The annotation (p. 714) also states the majority rule, well supported by authorities, that reconciliation and renewed cohabitation abrogates a separation agreement, although in some jurisdictions, whether a separation agreement survives upon reconciliation and resumption of cohabitation depends upon the intentions of the parties to be determined from their statements, conduct and surrounding circumstances.
The annotation points to authorities which well support the proposition that a property settlement, particularly as to its executed provisions, is not abrogated by reconciliation and renewed cohabitation alone, but that the intention of the parties must govern; and that the parties may agree to rescind orally or by an additional agreement in writing.
Applying the aforesaid rules to the agreement involved herein, it meets the test of a property settlement. It states that the parties are living separate and apart; that they own community and separate property and that they desire and intend to make a full and final settlement of all their property rights. They then agree as to separation of the community personalty; and agree that certain described real property is the separate property of Edith I. Cain Acre, and that other described real property is the separate property of Lyman E. Acre. They then agree that the wife shall retain her separate property, and the husband his separate property, free from any claims of the other, with appropriate covenants of waiver and release flowing each to the other, including any right of homestead in the real property of the other, and to any right of inheritance from the other; nor does either party agree to support the other.
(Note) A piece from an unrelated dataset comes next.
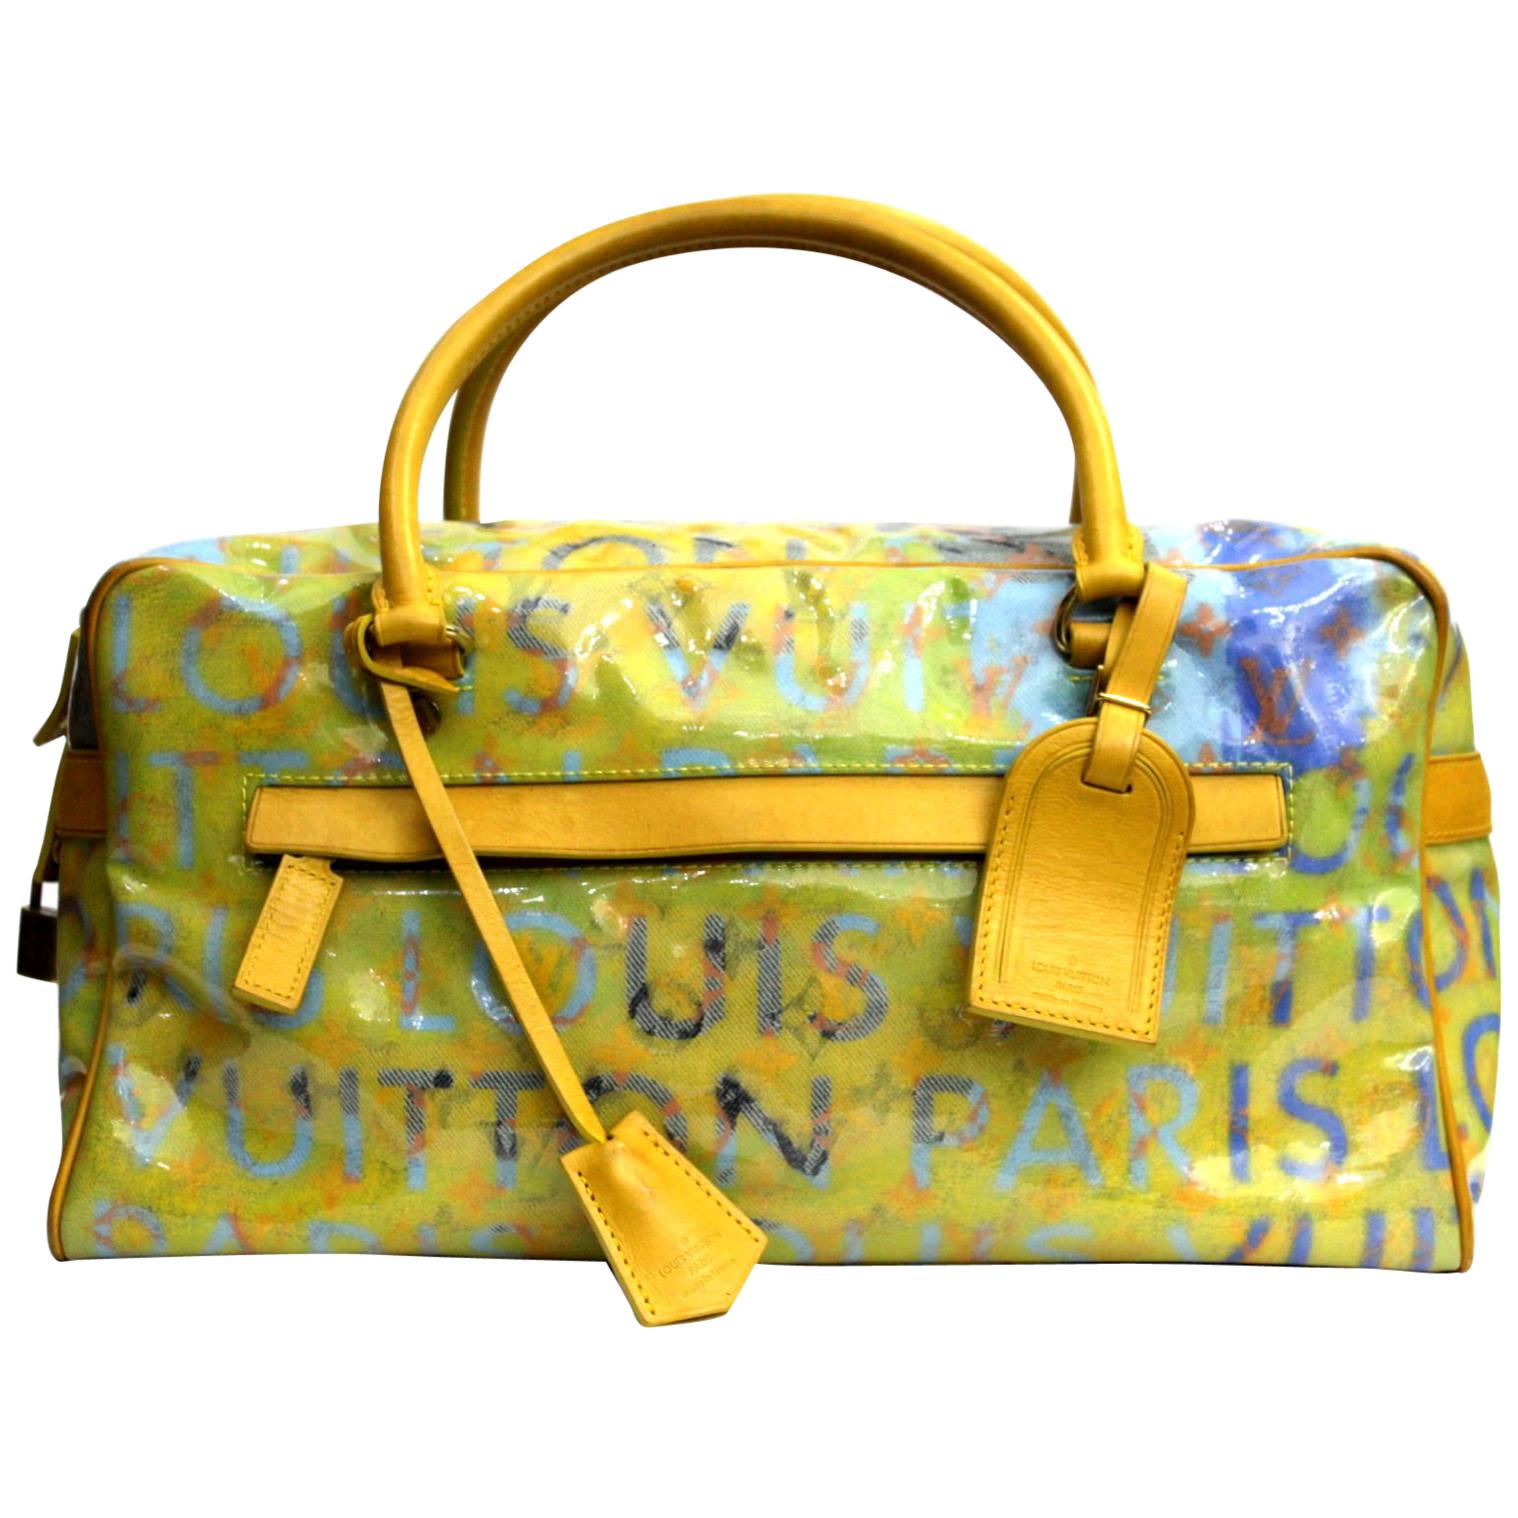 Buy Louis Vuitton Travel Richard Prince Pink Denim Weekender Pm Bag Luggage

The record herein shows reconciliation and renewed cohabitation of the parties, but nothing further as regards any intention of the parties to set aside the property settlement. See Plante v. Gray (1945), 68 Cal.App.2d 582, 157 P.2d 421; In re Winter’s Estate (1948), 164 Kan. 615, 192 P.2d 186. A settlement agreement is not affected by such conduct unless the parties agree that the settlement be terminated, Lundy v. Lundy, 79 Idaho 185, 312 P.2d 1028 (1957); Anno. 35 A.L.R.2d 707, 720.
The judgment of the district court is affirmed.
Costs to respondent.
McQUADE, C.J., and McFADDEN, TAYLOR and KNUDSON, JJ., concur.